Admittedly, the Next Generation films have truly never looked better. Although the final film, Nemesis, was released over 20 years ago, the new transfer truly makes them feel fresh. There is a crispness of the visuals that revives each piece in superior fashion. These sorts of reissues are painstakingly difficult processes but Paramount has done their best to ensure that each film sparkles on the home screen.

In terms of extras, the films also do their best to meet the high standards of Trek fans. With multiple featurettes and hours of content, they offer suitable background information to the Trek universe. However, the most standout features come from multiple commentaries on each disc, offering different perspectives and deep dives of information that should satisfy the most hardcore of fans. 

Having said this, although the films themselves have never looked better, no amount of rendering can cover over their various flaws. Although time has been kinder to the four Next Generation films strange storytelling decisions and poor character arcs still plague several of these adventures and serve as a reminder why it was not long before it was rebooted into the Chris Pine era. Insurrections still feels somewhat goofy, even if it feels the truest to the series and Nemesis still feels like a misfire. However, other entries fare better with the lens of time. With its merging of crews and love of nostalgia, Generations has aged better than expected. There’s a certain sense of joy seeing Picard and Kirk share the screen together, even if the story doesn’t always work. What’s more, as the darkest (and most accessible entry), First Contact continues to shine the brightest. There’s a focus within that film that still feels like one of the best of the entire series—and the reconstruction truly brings it to life with new clarity.

By revisiting these entries, the heart of Trek still beats loudly.

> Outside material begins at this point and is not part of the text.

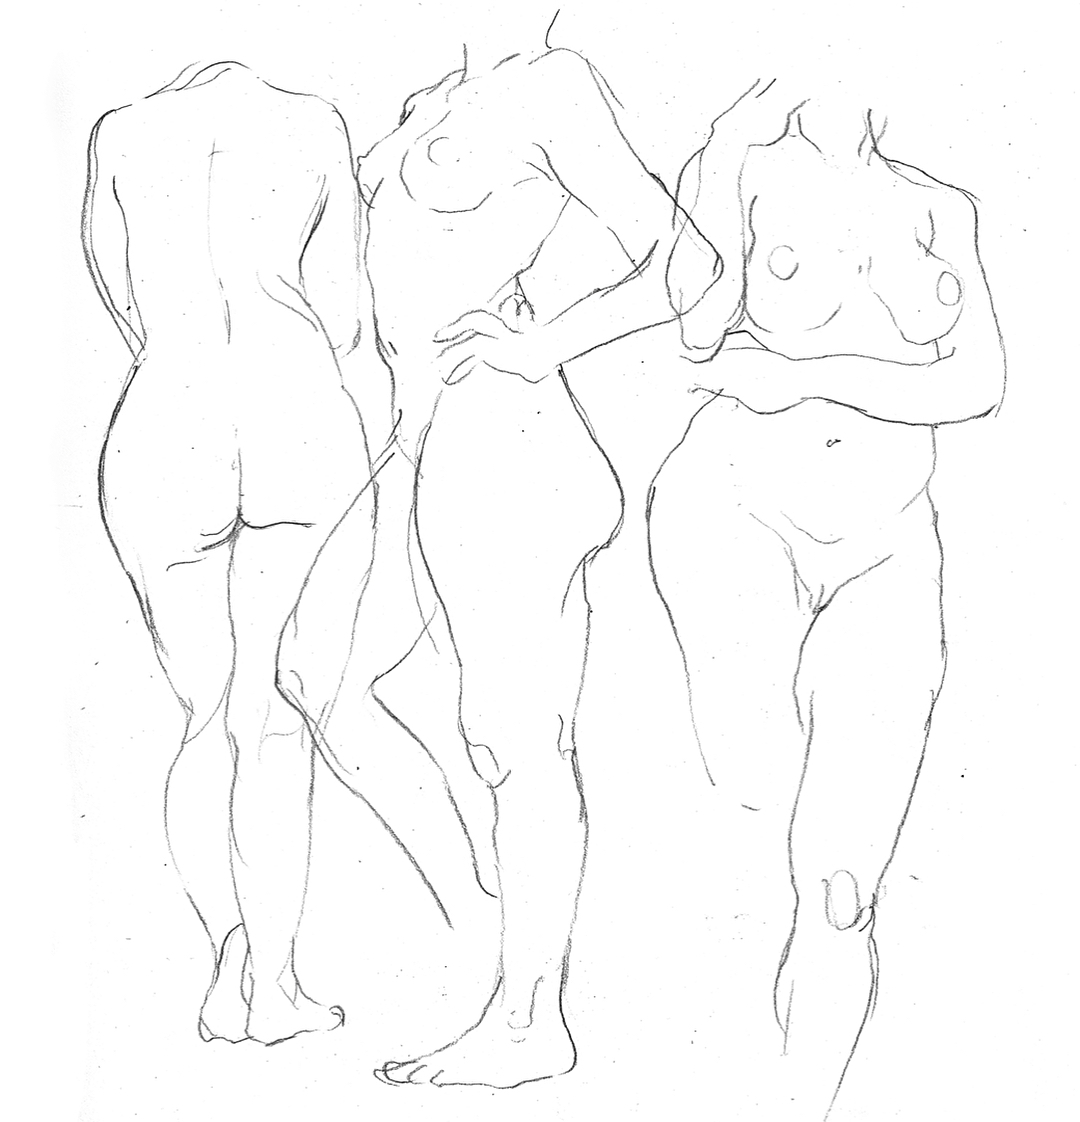 also some super old figure drawings. i would just take a bus to los feliz and draw there lol.

Whereas the other beloved sci-fi space opera that takes place in a Galaxy Far, Far Away has always been about family and justice, the true joy of Trek lies in its unshakeable belief in hope for mankind. Although the Trek series has danced with God before (sigh… in the misguided fifth film), Next Generation has always put its faith in science wherever possible. This is a series about progressing and ‘bettering ourselves’, as Picard reminds us in Contact. Star Trek has always acknowledged the brokenness of humanity. But, it also argues that, through the quest for knowledge, we have the opportunity to evolve and change. This sense of growth shines through in these films, ranging from the emotional changes in Insurrections to Data’s desire to experience emotion in Generations. In Trek, it’s a cold world but knowledge brings truth.

Rather than focus on revolution, this series fights for evolution.

In this way, growth becomes a form of grace. Humanity’s desire to heal brings a certain sense of hope to it. This sense of optimism has always brought light to the Trek world and, even with their flaws, shines through in this series. Although the visuals of the re-issue are stunning, it’s always been the joy embedded within this series that seems to keep it relevant, even after all this time. Between that positivity and it’s stunning remastering, these rereleases are more than worth the Trek to the store for purchase. 

Star Trek: The Next Generation 4-Movie Collection is available on 4K on Tuesday, April 4th, 2023.